* [DESCRIPTION OF THE TASK]: Locate the line bearing "British teacher Andria" in the material below, then reproduce it and each following line up to and including the line bearing "It's easy to".

* [SOURCE DATA]:
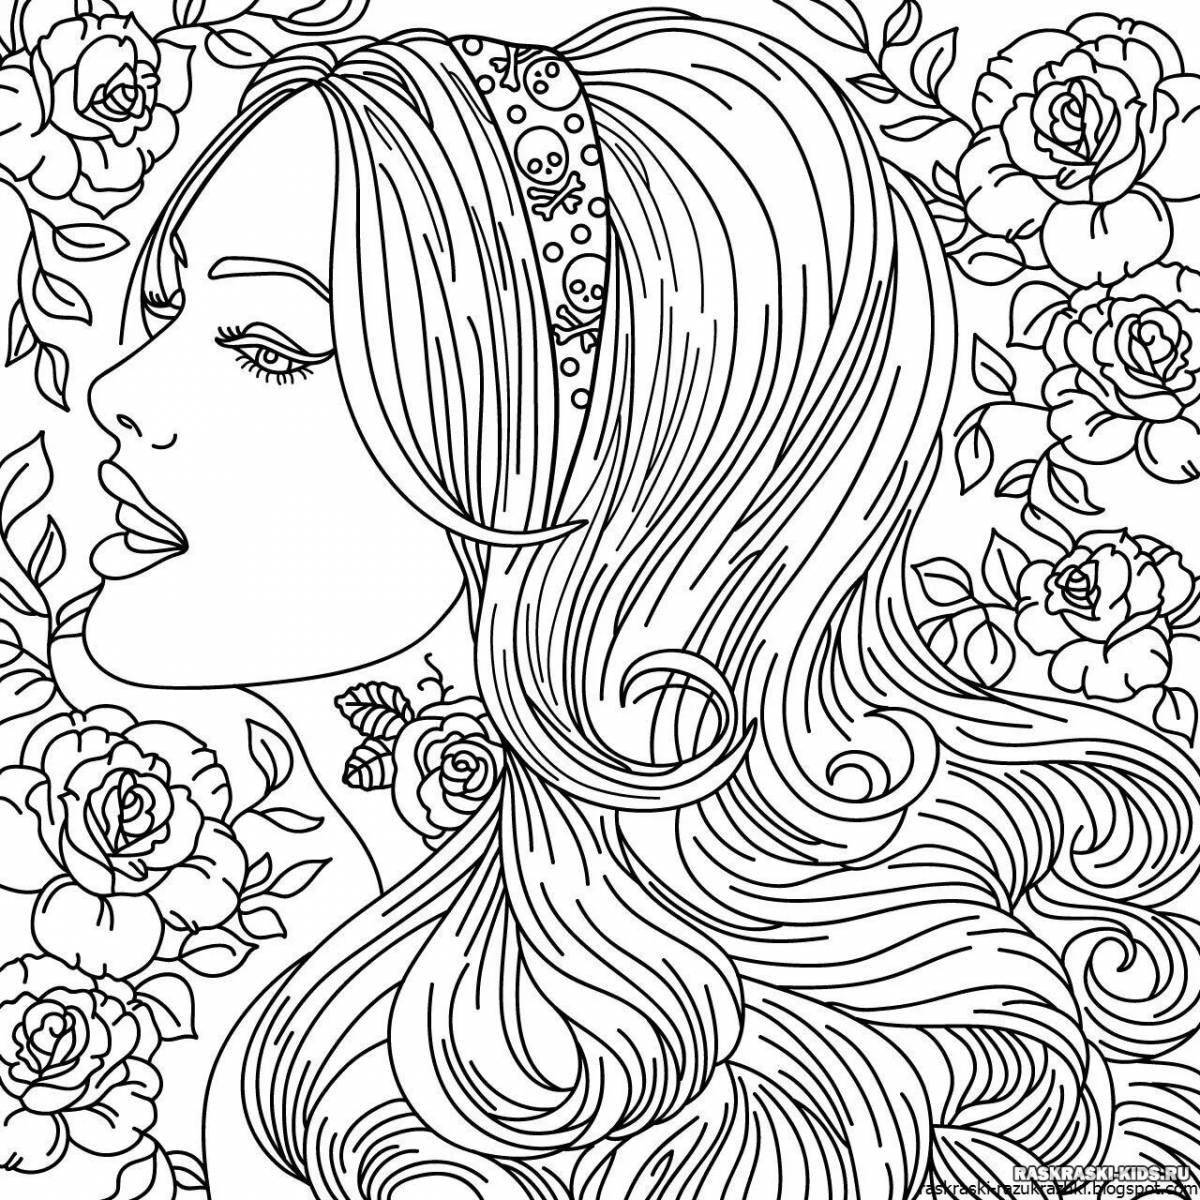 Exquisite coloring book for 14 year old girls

* * *

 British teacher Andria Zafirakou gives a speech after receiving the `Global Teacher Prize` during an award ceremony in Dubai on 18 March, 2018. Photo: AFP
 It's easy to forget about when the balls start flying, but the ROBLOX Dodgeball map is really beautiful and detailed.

* [ANSWER TO THE EXERCISE]:
 British teacher Andria Zafirakou gives a speech after receiving the `Global Teacher Prize` during an award ceremony in Dubai on 18 March, 2018. Photo: AFP
 It's easy to forget about when the balls start flying, but the ROBLOX Dodgeball map is really beautiful and detailed.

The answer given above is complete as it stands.